On Tue, Dec 14, 2021 at 8:13 PM Jamal Hadi Salim <jhs@mojatatu.com> wrote:
>
> On 2021-12-13 17:53, Cong Wang wrote:
> > On Sat, Dec 11, 2021 at 6:34 PM Tonghao Zhang <xiangxia.m.yue@gmail.com> wrote:
>
> >> We support this in skbedit firstly in production. act_bpf can do more
> >> things than this. Anyway we
> >> can support this in both act_skbedit/acc_bpf. 1/2 is changed from
> >> skip_tx_queue in skb to per-cpu var suggested-by Eric. We need another
> >> patch which can change the
> >> per-cpu var in bpf. I will post this patch later.
> >
> > The point is if act_bpf can do it, you don't need to bother skbedit at
> > all.
>
> Just a comment on this general statement:
> I know of at least one large data centre that wont allow anything
> "compiled" to be installed unless it goes through a very long vetting
> process(we are talking months).
> "Compiled" includes bpf. This is common practise in a few other places
> some extreme more than others - the reasons are typically driven by
> either some overzelous program manager or security people. Regardless
> of the reasoning, this is a real issue.
Yes, I agree with you that
> Note: None of these data centres have a long process if what is
> installed is a bash script expressing policy.
> In such a case an upstream of a feature such as this is more useful.
>
>
> cheers,
> jamal
>


-- 
Best regards, Tonghao

^ permalink raw reply	[flat|nested] 15+ messages in thread

* Re: [net-next v3 2/2] net: sched: support hash/classid/cpuid selecting tx queue
  2021-12-10  2:36 ` [net-next v3 2/2] net: sched: support hash/classid/cpuid selecting " xiangxia.m.yue
  2021-12-12  2:19   ` Cong Wang
  2021-12-15  1:34   ` Tonghao Zhang
@ 2021-12-15 16:08   ` Jakub Kicinski
  2021-12-16 11:29     ` Tonghao Zhang
  2 siblings, 1 reply; 15+ messages in thread
From: Jakub Kicinski @ 2021-12-15 16:08 UTC (permalink / raw)
  To: xiangxia.m.yue
  Cc: netdev, Jamal Hadi Salim, Cong Wang, Jiri Pirko, David S. Miller,
	Jonathan Lemon, Eric Dumazet, Alexander Lobakin, Paolo Abeni,
	Talal Ahmad, Kevin Hao, Ilias Apalodimas, Kees Cook,
	Kumar Kartikeya Dwivedi, Antoine Tenart, Wei Wang, Arnd Bergmann

On Fri, 10 Dec 2021 10:36:26 +0800 xiangxia.m.yue@gmail.com wrote:
> From: Tonghao Zhang <xiangxia.m.yue@gmail.com>
> 
> This patch allows users to select queue_mapping, range
> from A to B. And users can use skb-hash, cgroup classid
> and cpuid to select Tx queues.

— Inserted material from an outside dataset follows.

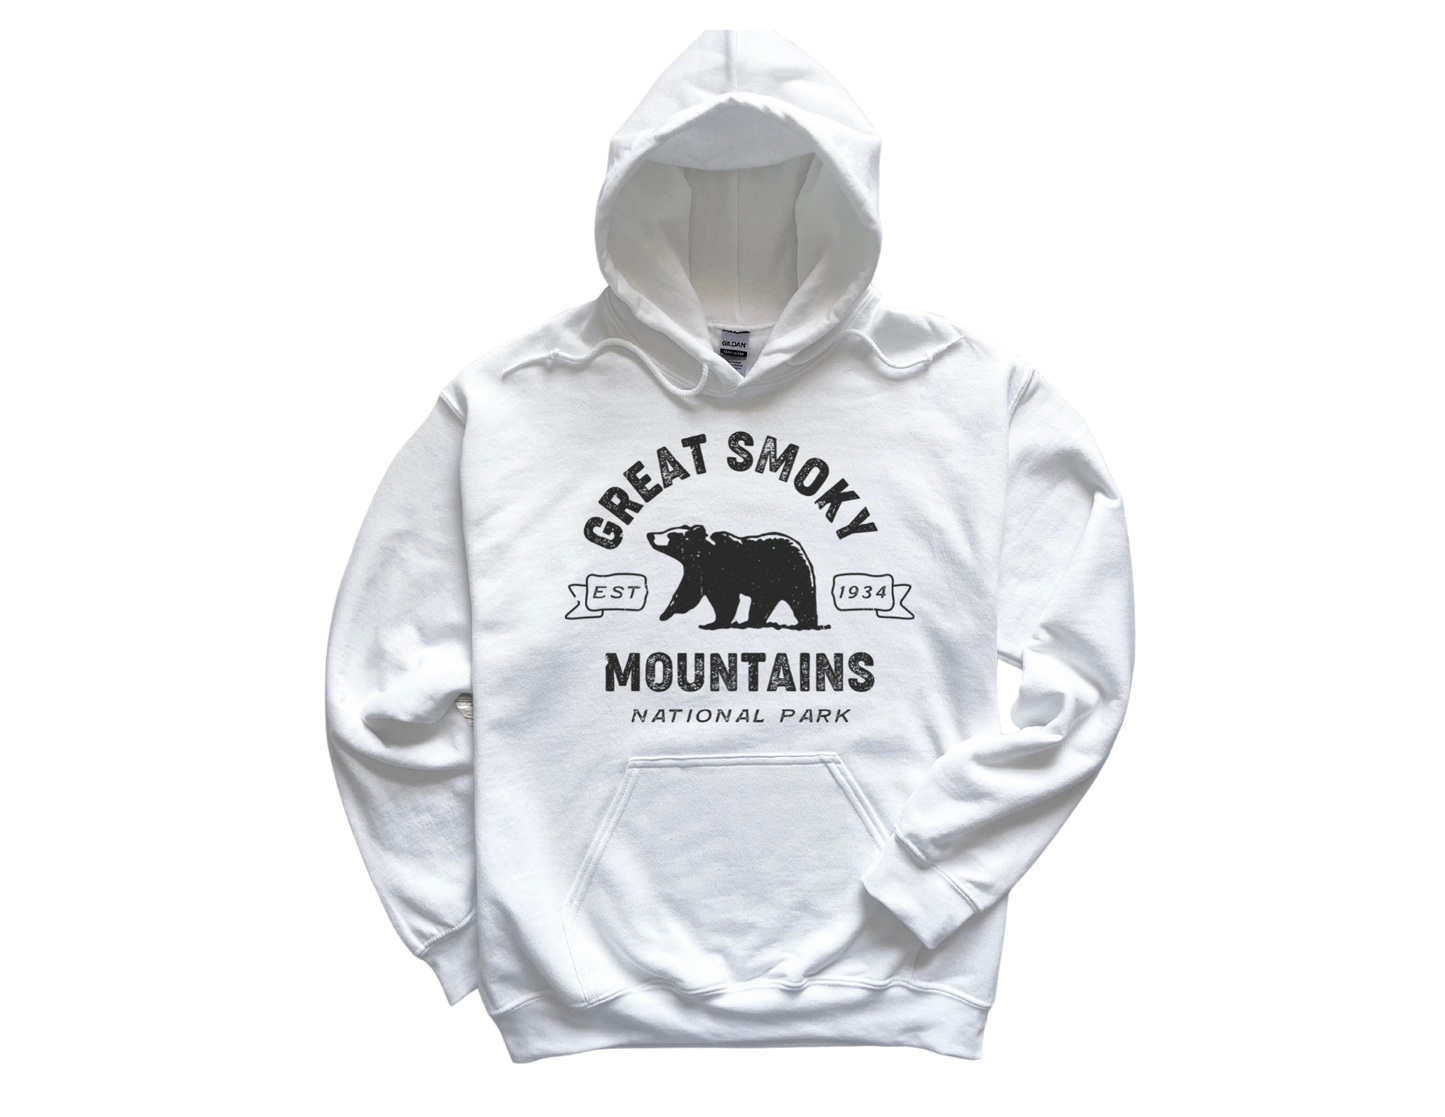 Great Smoky Mountains National Park Unisex Hoodie

Then we can load balance
> packets from A to B queue. The range is an unsigned 16bit
> value in decimal format.
> 
> $ tc filter ... action skbedit queue_mapping hash-type normal A B
> 
> "skbedit queue_mapping QUEUE_MAPPING" (from "man 8 tc-skbedit") is
> enhanced with flags:
> * SKBEDIT_F_QUEUE_MAPPING_HASH
> * SKBEDIT_F_QUEUE_MAPPING_CLASSID
> * SKBEDIT_F_QUEUE_MAPPING_CPUID
> 
> Use skb->hash, cgroup classid, or cpuid to distribute packets.
> Then same range of tx queues can be shared for different flows,
> cgroups, or CPUs in a variety of scenarios.
> 
> For example, flows F1 may share range R1 with flows F2. The best
> way to do that is to set flag to SKBEDIT_F_QUEUE_MAPPING_HASH.
> If cgroup C1 share the R1 with cgroup C2 .. Cn, use the
> SKBEDIT_F_QUEUE_MAPPING_CLASSID. Of course, in some other scenario,
> C1 uses R1, while Cn can use Rn.

> diff --git a/include/net/tc_act/tc_skbedit.h b/include/net/tc_act/tc_skbedit.h
> index 00bfee70609e..ee96e0fa6566 100644
> --- a/include/net/tc_act/tc_skbedit.h
> +++ b/include/net/tc_act/tc_skbedit.h
> @@ -17,6 +17,7 @@ struct tcf_skbedit_params {
>  	u32 mark;
>  	u32 mask;
>  	u16 queue_mapping;
> +	u16 mapping_mod;
>  	u16 ptype;
>  	struct rcu_head rcu;
>  };
> diff --git a/include/uapi/linux/tc_act/tc_skbedit.h b/include/uapi/linux/tc_act/tc_skbedit.h
> index 800e93377218..5642b095d206 100644
> --- a/include/uapi/linux/tc_act/tc_skbedit.h
> +++ b/include/uapi/linux/tc_act/tc_skbedit.h
> @@ -29,6 +29,13 @@
>  #define SKBEDIT_F_PTYPE			0x8
>  #define SKBEDIT_F_MASK			0x10
>  #define SKBEDIT_F_INHERITDSFIELD	0x20
> +#define SKBEDIT_F_QUEUE_MAPPING_HASH	0x40
> +#define SKBEDIT_F_QUEUE_MAPPING_CLASSID	0x80
> +#define SKBEDIT_F_QUEUE_MAPPING_CPUID	0x100
> +
> +#define SKBEDIT_F_QUEUE_MAPPING_HASH_MASK (SKBEDIT_F_QUEUE_MAPPING_HASH | \
> +					   SKBEDIT_F_QUEUE_MAPPING_CLASSID | \
> +					   SKBEDIT_F_QUEUE_MAPPING_CPUID)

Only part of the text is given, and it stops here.